If you find that your dataset and project settings lead to excessive sampling levels, try reconfiguring the project or modeling approach. This can be accomplished, for example, by splitting very long forecast windows into smaller segments and creating a DataRobot project for each segment. Data can additionally be segmented in multiseries projects into similar clusters for datasets with many series.
Alternatively, you can reduce the number of columns used or columns that are unlikely to be useful as lagged features by excluding them from derivation. Finally, consider the length of your training set. Reduction in the duration of the training data to exclude the oldest data can both increase modeling accuracy and reduce sampling on the dataset.
Multiseries use case¶
Predicting sales and comparing stores:
A large chain store wants to create a forecast to correctly order inventory and staff stores with the needed number of people for the predicted store volume. An analyst managing the stores uses DataRobot to build time series models that predict daily sales. First, she looks at the distribution of sales across time to get a sense of the trend. Because there is a lot of data, to review and verify that the data is correct before modeling she uses the date range slider to zoom in only on the data from the past few weeks.

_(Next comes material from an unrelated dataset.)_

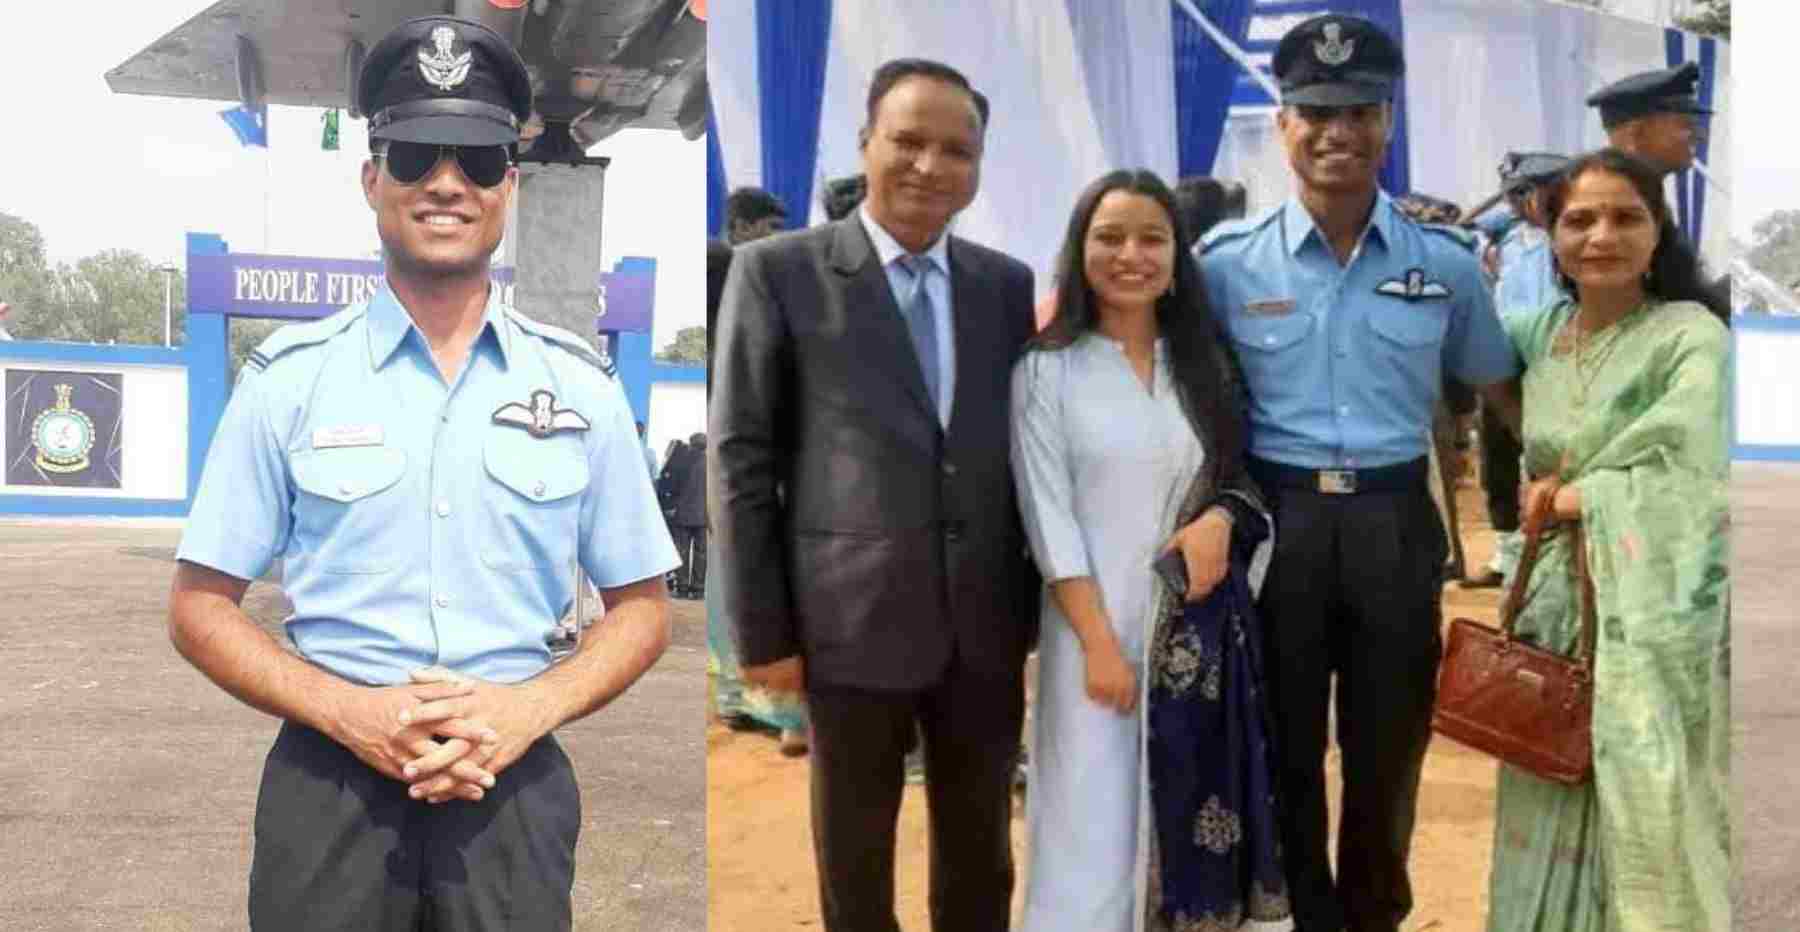 Uttarakhand news: Shivam kothari of tehri Garhwal become flying officer in Indian airforce

After setting the target and configuring the time series options, she clicks Start to generate time series features and run Autopilot. After running Autopilot with a forecast window of 1 to 7 days in the future, she looks at the Accuracy Over Time chart of the top-performing model on the Leaderboard to see how the model performs on the main validation set (Backtest 1). She looks at the overall view and then switches the series identifier to view each store. She then uploads the most recent history to make predictions that forecast sales for each series over the next week. Then, she downloads the forecast and uses it to order the correct inventory amounts for next week.